In this issue of JEM, Taylor et al. (https://doi.org/10.1084/jem.20161653) describe PD-1 as a critical negative regulator of group 2 innate lymphoid cells (ILC-2s). PD-1 intrinsically controls proliferation and cytokine production of both mouse and human ILC-2s. PD-1 signaling inhibits STAT5 phosphorylation and the removal of this brake by knocking down PD-1 expression or by using anti–PD-1 blocking antibodies, translated in vivo into better clearance of helminth worm infection in mice.

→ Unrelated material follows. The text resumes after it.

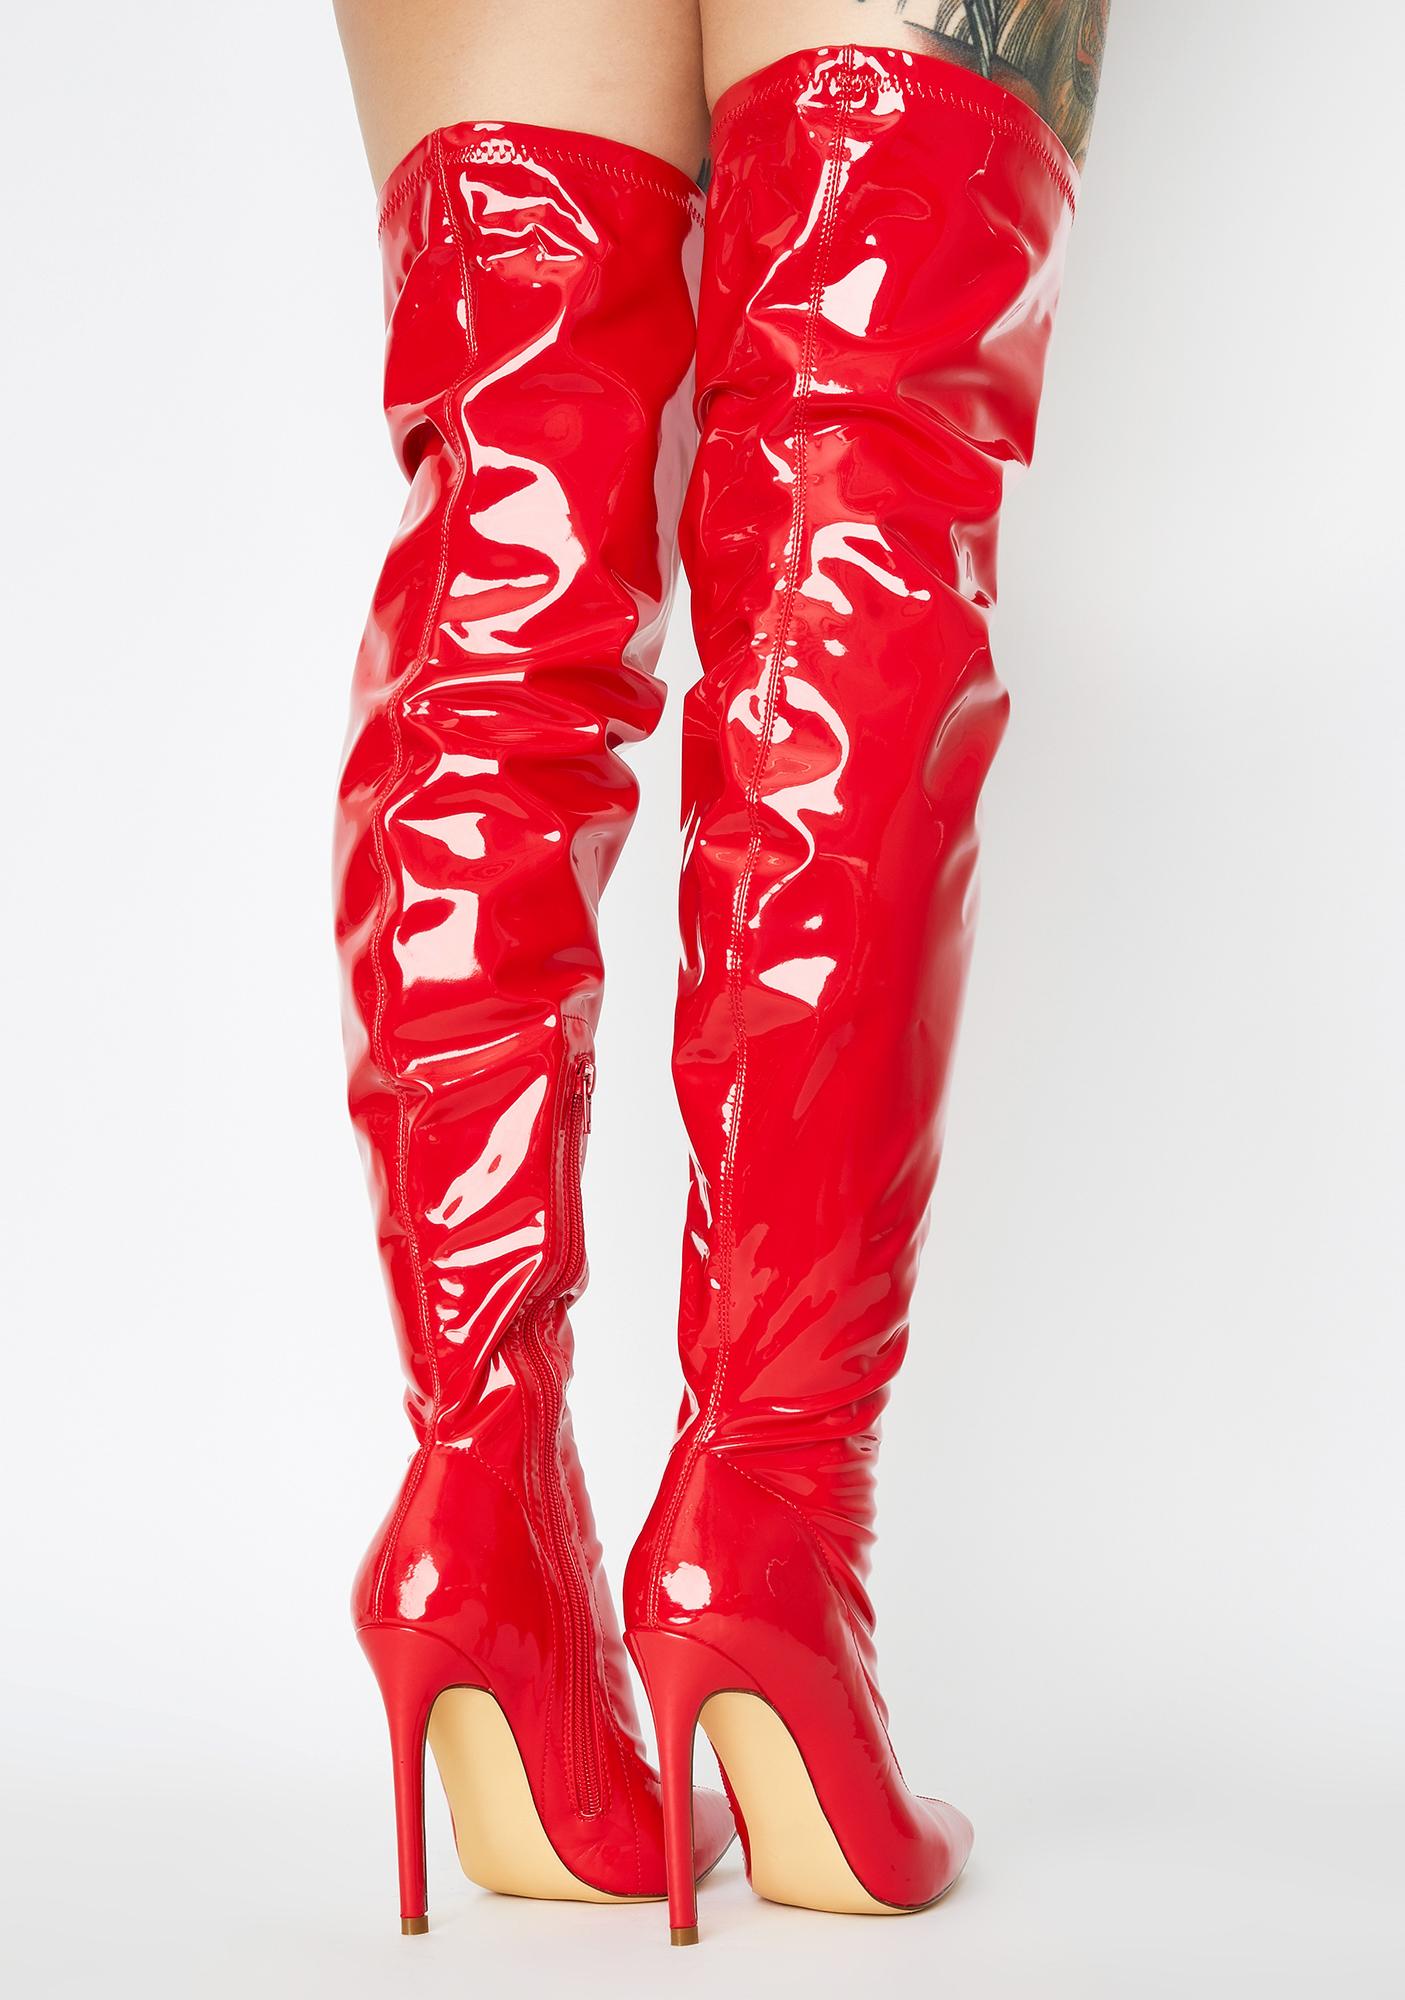 Vinyl Thigh High Stiletto Boots Red | Dolls Kill

Innate lymphoid cells (ILCs) are the most recently identified immune cell types, and the regulation of their responses is still not completely understood. ILCs are tissue-resident cells mainly found at mucosal surfaces of intestine and lungs and in the skin (Klose and Artis, 2016). Thanks to these strategic locations, they are among the first immune cells to react to pathogens. In contrast to myeloid cells, the expression of a large panel of receptors sensing microbes has not been described on ILCs (Hammad and Lambrecht, 2015). The current knowledge on ILC regulation has been mainly focused on the impact of soluble factors released by myeloid or epithelial cells. Among ILCs, ILC-2s are defined as lineage negative (Lin−), CD127+ CD25+ KLRG1+ GATA-3high cells. Cytokines such as IL-33, IL-25, TSLP, IL-2, IL-4, and IL-7 and inflammatory mediators such as prostaglandin D2 and leukotriene D4 stimulate ILC-2 expansion and effector functions. Upon stimulation, ILC-2s secrete IL-5, IL-13, and the epidermal growth factor–like molecule amphiregulin, making them central regulators of type 2 immune responses (Hammad and Lambrecht, 2015; Klose and Artis, 2016). In particular, ILC-2s have been shown to actively control parasitic worm infections, epithelial repair, and mucosal tissue homeostasis in several mouse models. However, if deregulated, ILC-2s can also induce tissue fibrosis and trigger type 2 immunopathologies such as allergies, asthma, and atopic dermatitis (Klose and Artis, 2016). Therefore, the dissection of the mechanisms leading to the regulation of ILC-2 functions is of great interest.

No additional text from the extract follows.